The hollow mesoporous silica had a BET specific surface area of 1120 m ² / g, an average pore diameter of 1.5 nm, and an average aggregate particle diameter of 0.70 μm.

<Solid mesoporous silica>
A solid mesoporous silica powder having no hollow structure was produced in the same manner as in the above-described method for producing hollow mesoporous silica except that the cationic polymer particles were not added.

  This solid mesoporous silica powder is characterized by a very strong XRD peak at d = 3.0 nm, a weak XRD peak at d = 1.7 nm and d = 1.5 nm in the powder X-ray diffraction (XRD) pattern. It was found that the mesopores of real mesoporous silica powder have a hexagonal arrangement.

  Moreover, it was found from SEM observation that the particle shape of the solid mesoporous silica was spherical.

  Further, from TEM observation, this solid mesoporous silica has a solid structure without a hollow structure, an average primary particle diameter of 500 nm, uniform mesopores showing hexagonal arrangement, and its mesofine It was found that the holes penetrated radially from the particle center to the outside of the particle.

The solid mesoporous silica had a BET specific surface area of 1200 m ² / g, an average pore diameter of 1.5 nm, and an average aggregate particle diameter of 0.65 μm.

<Amorphous mesoporous silica>
386 g of water was placed in a 1 L Teflon container, 113 g of dodecyltrimethylammonium bromide and 5.8 g of sodium hydroxide were dissolved in the water, and then colloidal silica (trade name, manufactured by Nissan Chemical Co., Ltd.) was stirred into this solution at room temperature. : Snowtex 20) 153 g was added dropwise over 7 minutes.

  Subsequently, after further stirring for 3 hours under a temperature condition of 40 ° C., aging was performed for 44 hours under a temperature condition of 140 ° C. using an autoclave.

  Next, the obtained white precipitate was filtered with a filter paper (No. 2), washed with 5 L of water, and dried under a temperature condition of 100 ° C. for 7 hours.

  Subsequently, the obtained dry powder was heated to 600 ° C. at a rate of 5 ° C./min with an air flow (3 L / min) using a baking furnace (trade name: Superburn, manufactured by Motoyama Co., Ltd.). The organic component was removed by baking at a temperature condition of 6 ° C. for 6 hours.

  Then, the obtained fired powder was lightly crushed in a mortar to produce amorphous mesoporous silica.

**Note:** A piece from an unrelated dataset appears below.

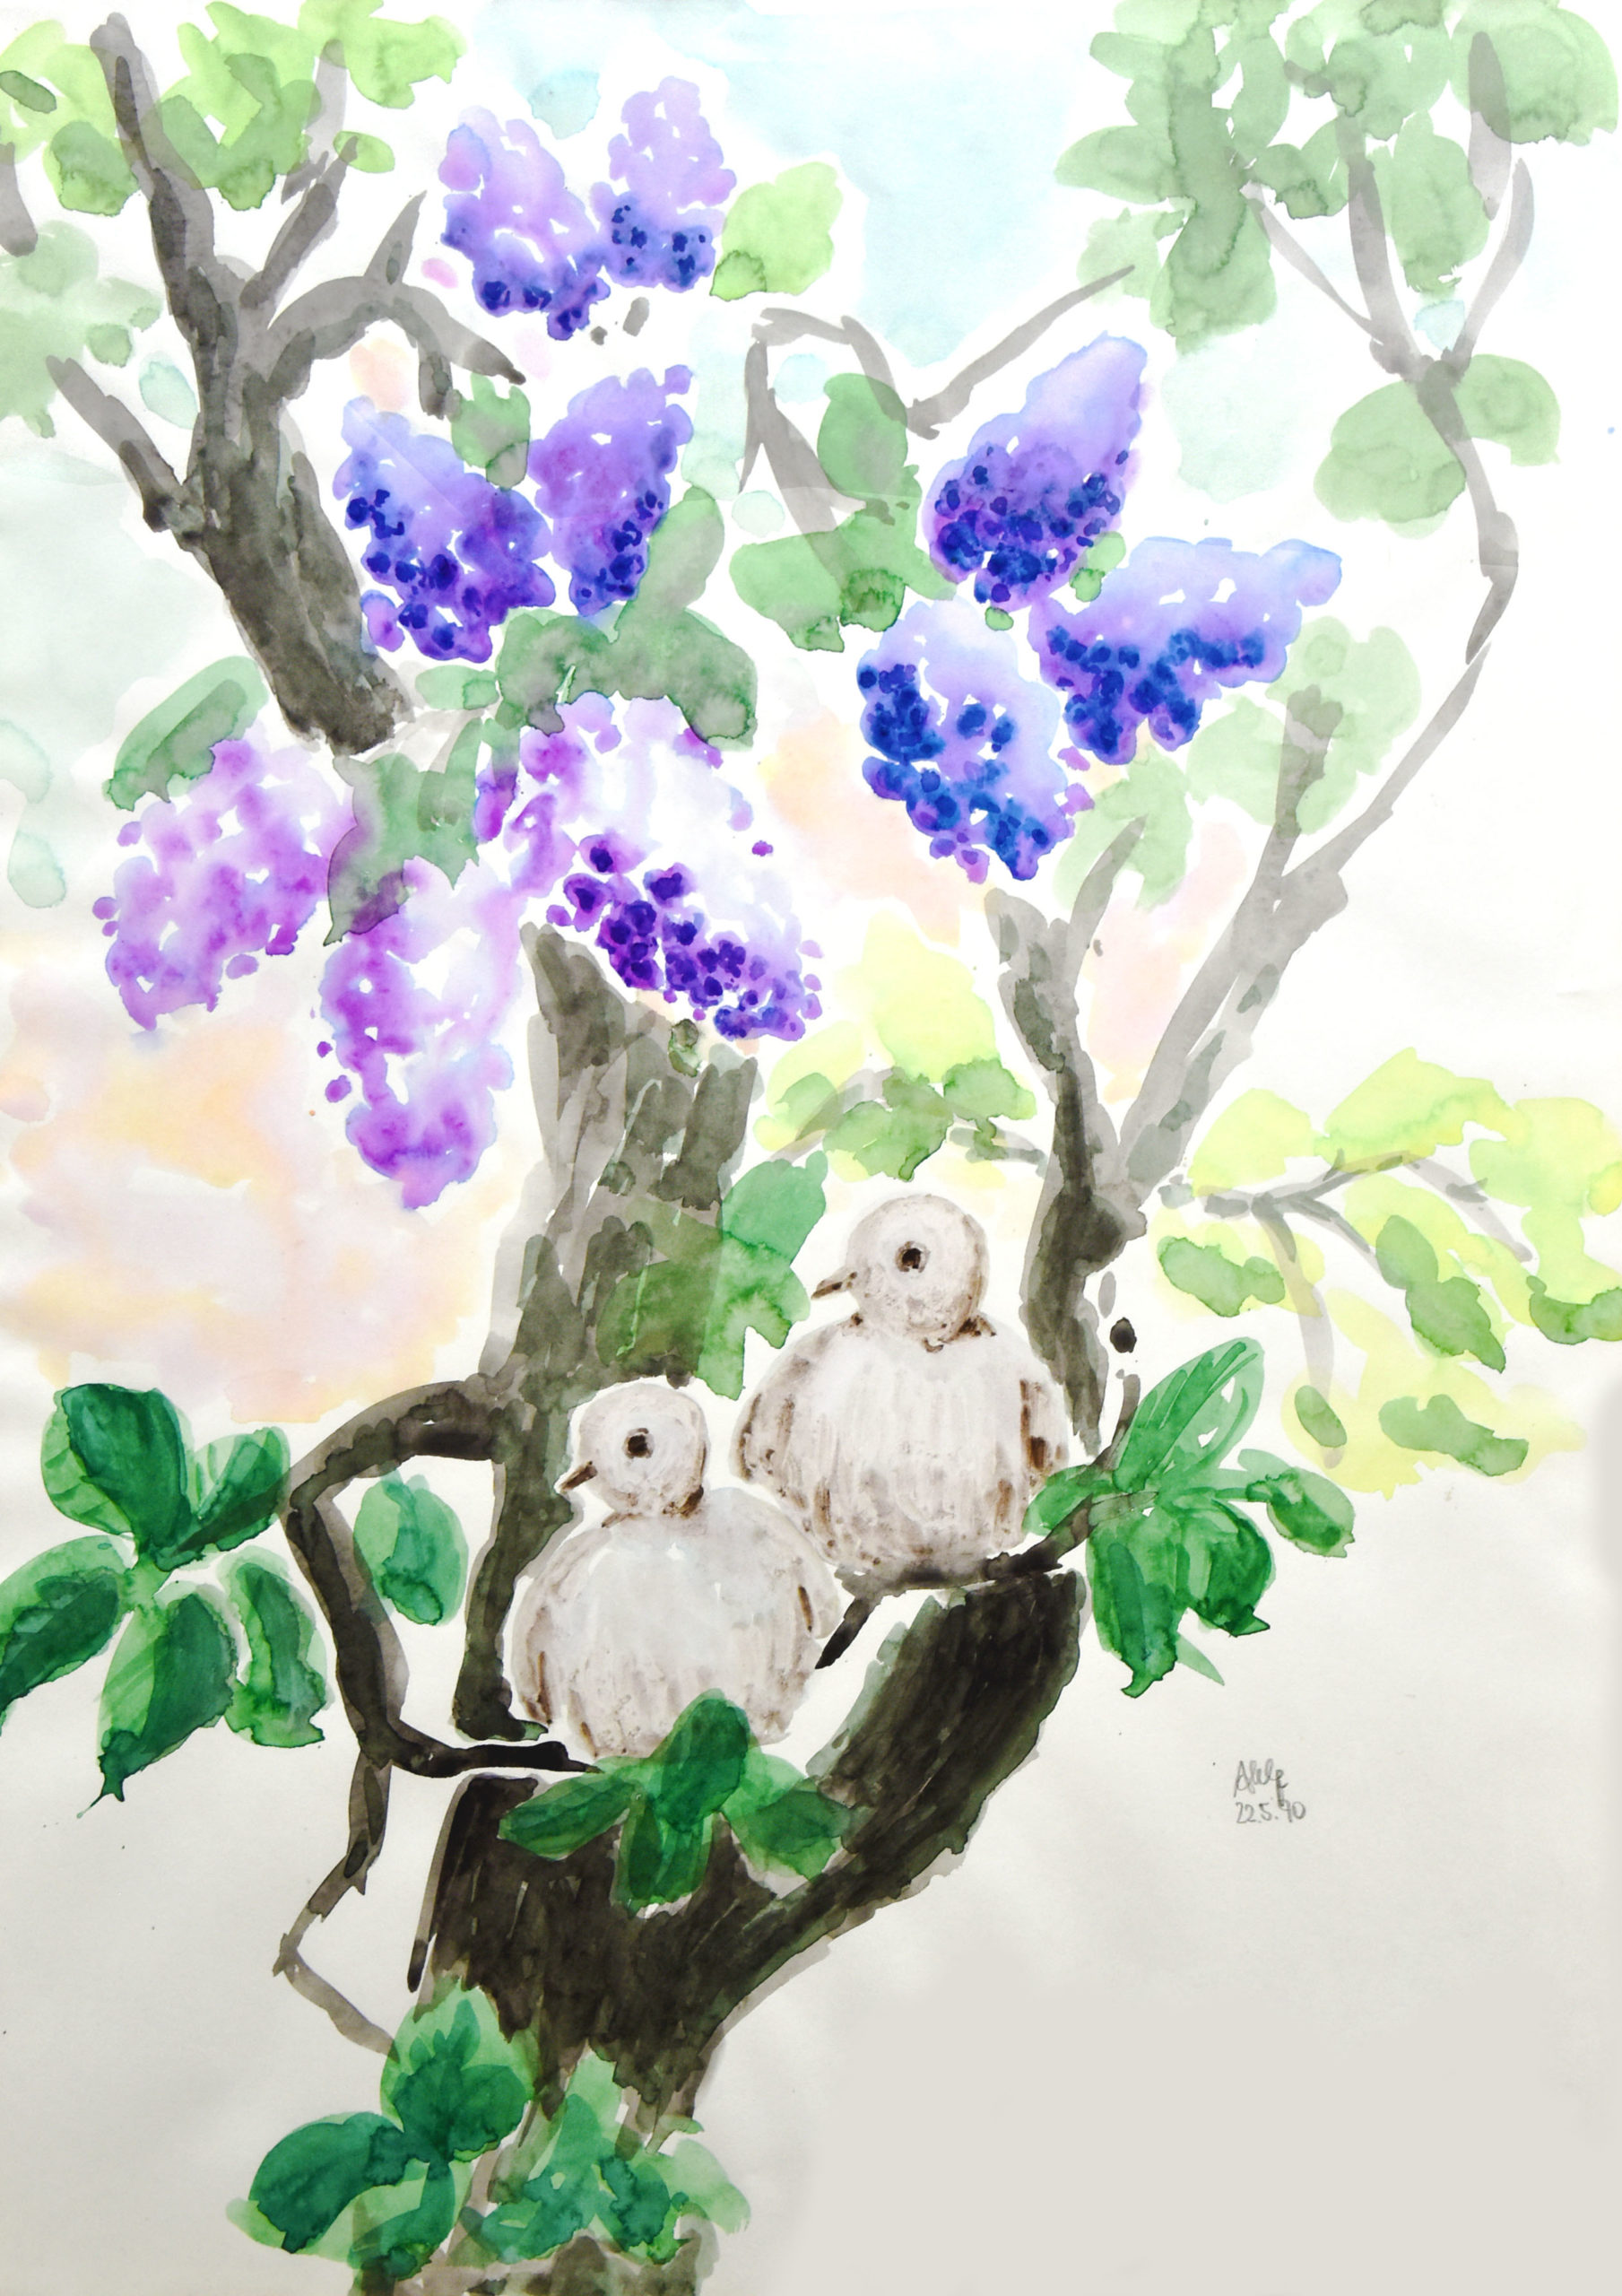 Blühender Fliederbaum in dem zwei Vögel sitzen.

  For this amorphous mesoporous silica powder, in the X-ray powder diffraction (XRD) pattern, this is due to the very strong XRD peak at d = 3.4 nm, the weak XRD peak at d = 2.0 nm and d = 1.7 nm. It was found that the mesopores of the regular mesoporous silica powder had a hexagonal arrangement.

  In addition, SEM observation revealed that the amorphous mesoporous silica was an aggregate of amorphous particles.

Further, this amorphous mesoporous silica had a BET specific surface area of 1100 m ² / g, an average pore diameter of 2.0 nm, and an average aggregated particle diameter of 56 μm.

(Adjustment of coating agent and formation of resin film)
<Example 1>
Under stirring at room temperature, 148 g of methanol (manufactured by Wako Pure Chemical Industries, Ltd.) was mixed with 252 g of 3-glycidoxypropyltrimethoxysilane (manufactured by Toray Dow Corning) and 41 g of tetraethoxysilane (manufactured by Toray Dow Corning). Thereafter, 103 g of 0.01 mol / L hydrochloric acid (manufactured by Wako Pure Chemical Industries, Ltd.) was added dropwise over 30 minutes, and the resulting mixture was further stirred for 24 hours at room temperature to effect acid hydrolysis of alkoxysilane.

  Next, 347 g of methanol (manufactured by Wako Pure Chemical Industries, Ltd.), 103 g of 2-ethoxyethanol (manufactured by Wako Pure Chemical Industries, Ltd.) and a silicone surfactant (manufactured by Toray Dow Corning Co., Ltd., trade name: Silwet L-7001) ) 0.44 g and 4.43 g of curing catalyst acetylacetone aluminum (manufactured by Wako Pure Chemical Industries, Ltd.) were mixed, and further stirred at room temperature for 1 hour to prepare a liquid silane matrix resin forming material.

  On the other hand, ultrasonic dispersion was applied for 10 minutes to obtain a methanol dispersion in which 0.5 g of the hollow mesoporous silica was dispersed in 9.5 g of methanol.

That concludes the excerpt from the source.